Topology provides much of the underlying mathematics of shape. Not all of it: metric properties of the shape are obviously important. But a good deal of it. A classic example of this is the following question:
given points sampled from a shape, under what conditions can I reconstruct a shape that is geometrically and topologically similar to the original shape ?
Many results over the years have attempted to answer this question via "sampling criteria" of the form, "if you sample points so that they satisfy some condition SC, then there's an algorithm that will correctly reconstruct the shape within some error bounds". The goal is to get as relaxed conditions SC as possible, given that we often don't have control over the sampling process.

Much work at this year's SoCG was on new sampling criteria and new ways of representing the medial axis (an important structure that acts as a kind of "skeleton" of a shape). In other words, the mathematics and the algorithmics of reconstructing shapes.

Another thread of work is on a notion called 'persistence'. Persistence is a little tricky to define intuitively (and I strongly recommend Afra Zomorodian's excellent monograph), but the basic idea is that you first create a sequence of evolving structures for a shape. One example of this could be the level sets of a terrain as you increase the "level". Then, you look for features that are "long-lasting", or "persistent" within this sequence. Such features are likely to be more permanent parts of the shape, and can be used to identify key parts of the shape. Much work has now gone into computing persistence, doing it in a stable fashion, and trying to generalize it in various settings.

In general, persistence is a way of identifying important elements of a shape, and can often be a "subroutine" in higher level topological analysis of shape.

A third thread that's somewhat distinct from the above, but deals squarely with "algorithmic topology" is exemplified by work on computing paths on shapes of different topological characteristics. Applications of this work are less immediate, but one can imagine using such algorithms to deal with the manifolds generated via surface reconstruction etc. I'm sure Jeff Erickson has more to say about this.

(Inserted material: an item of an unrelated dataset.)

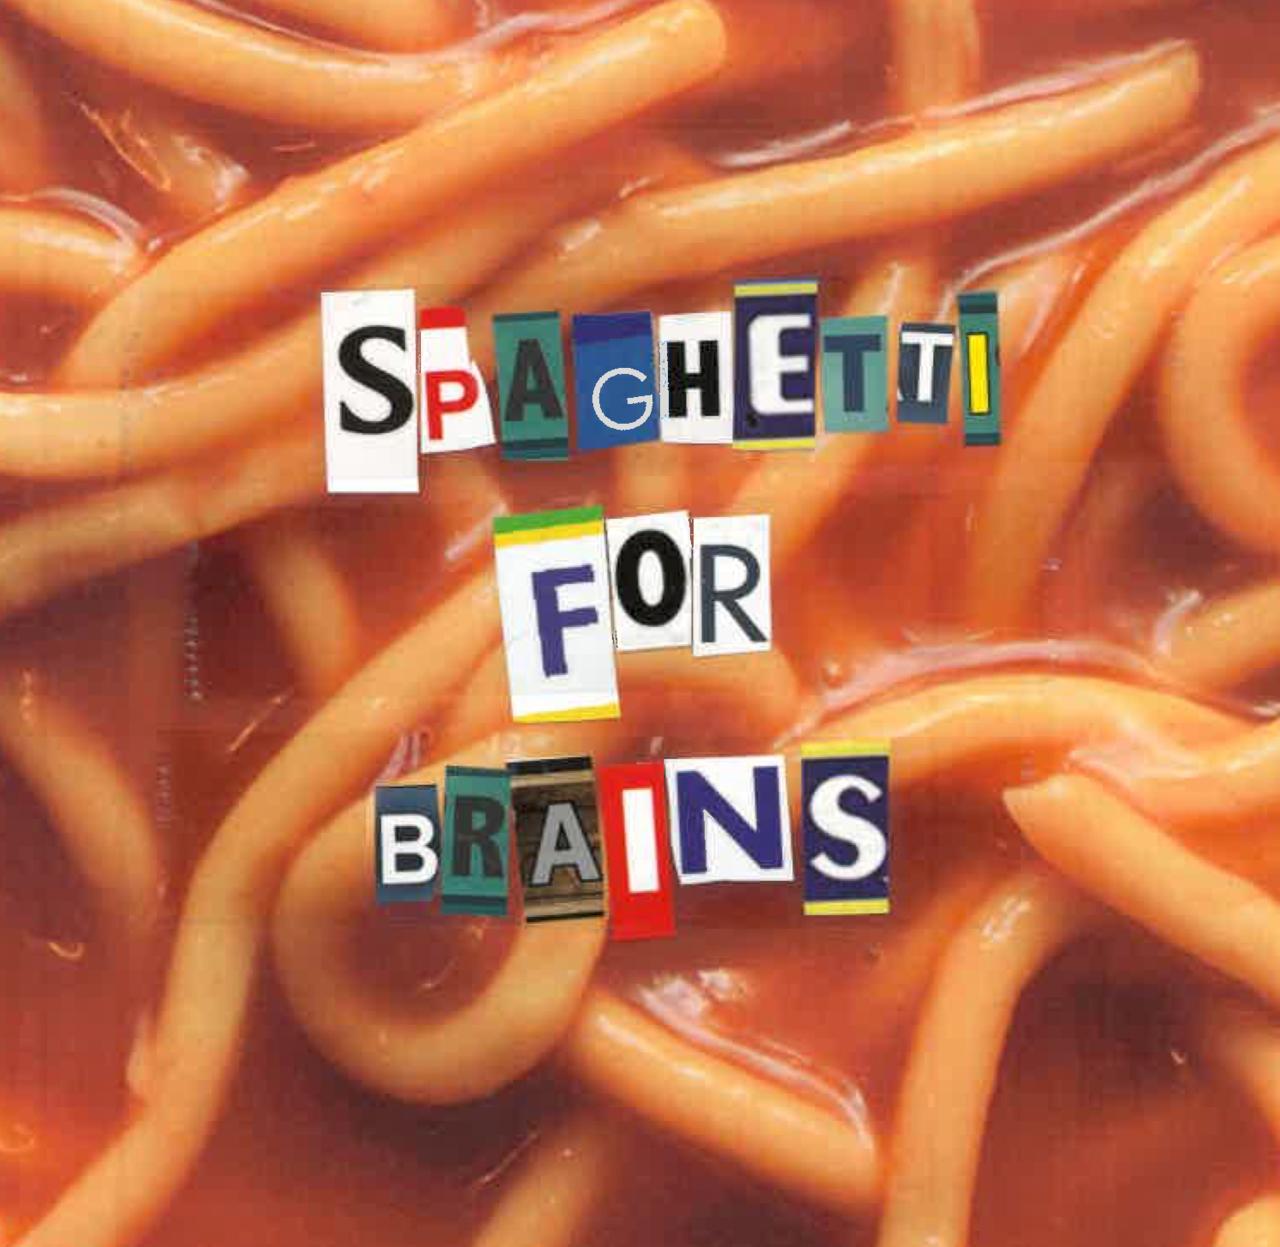 Spaghetti For Brains Newsletter
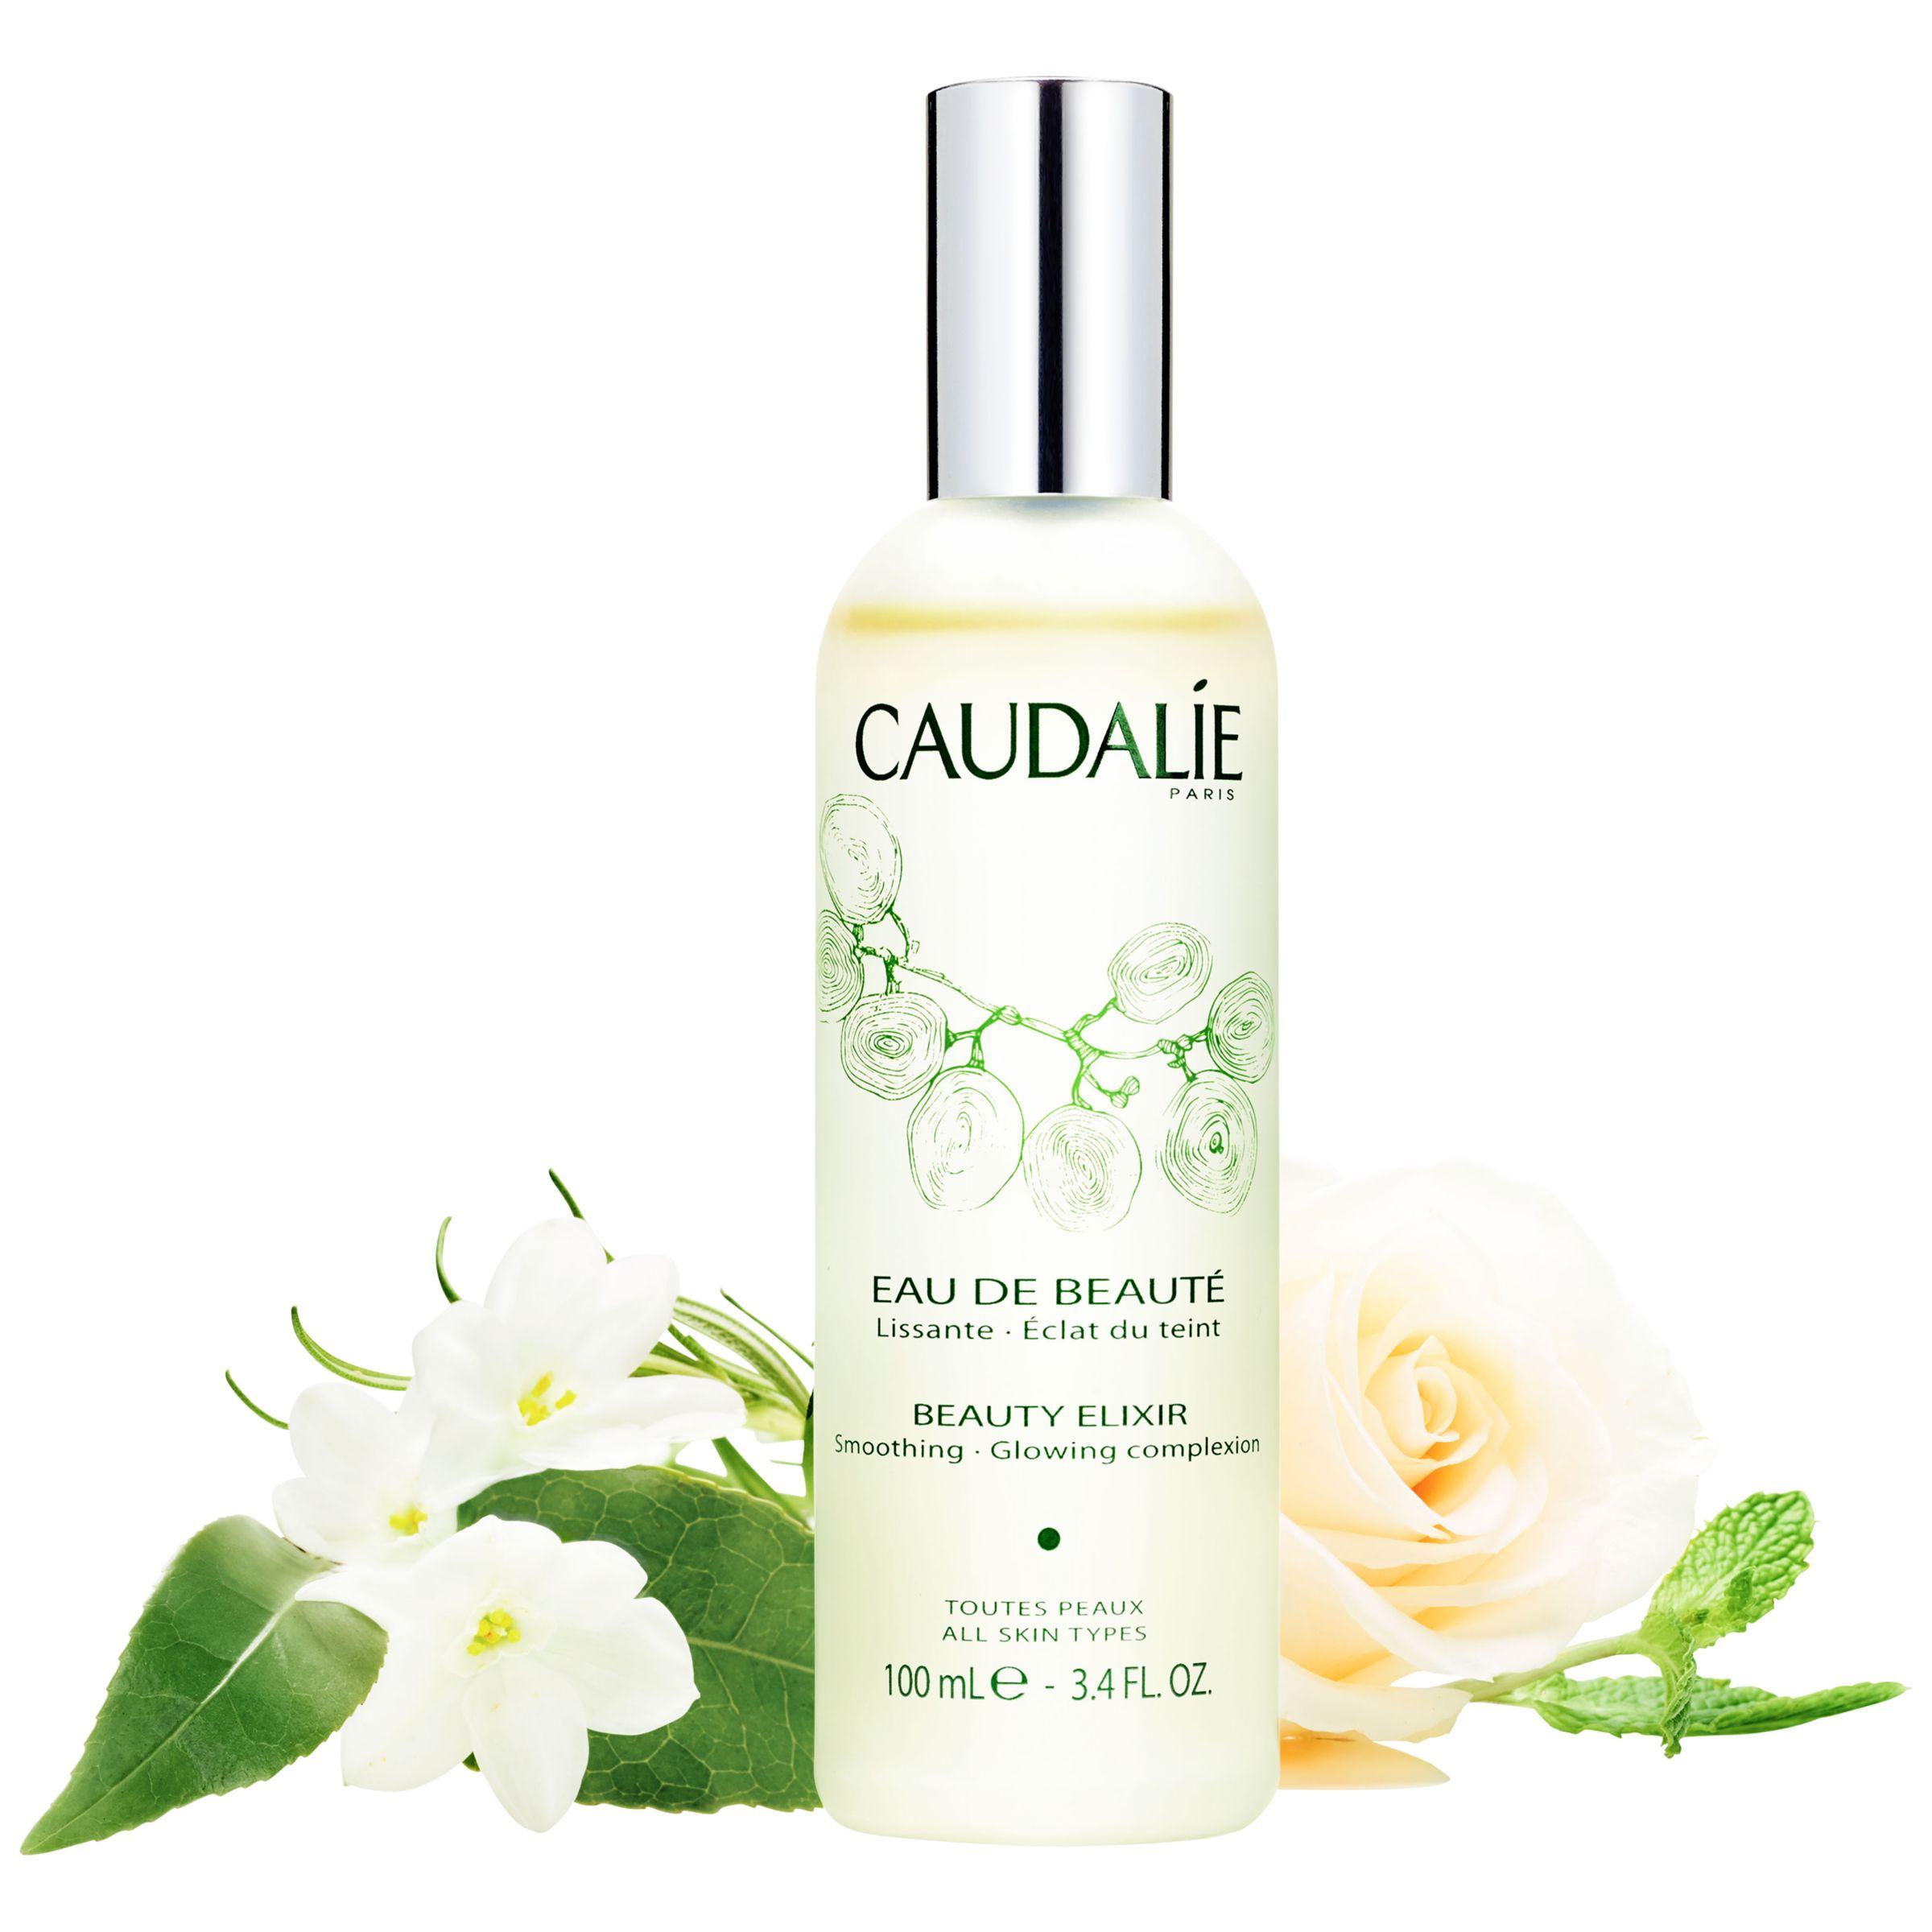 Caudalie Caudalie Beauty Elixir, 100ml

To work in this area, you need a very good grasp of topology (combinatorial, algebraic), some Morse theory, and of course good algorithmic and geometric intuition. The first two topics are not usually covered in a graduate degree in algorithms, and that makes this field a bit harder to get into, but its ranks are growing.

Computational topology is definitely a new and challenging direction in geometry. I wouldn't be surprised if it ended up having its own conference sooner or later: I hope not though. The cross-fertilization between topology and more traditional computational geometry is one of the more interesting trends in the field right now.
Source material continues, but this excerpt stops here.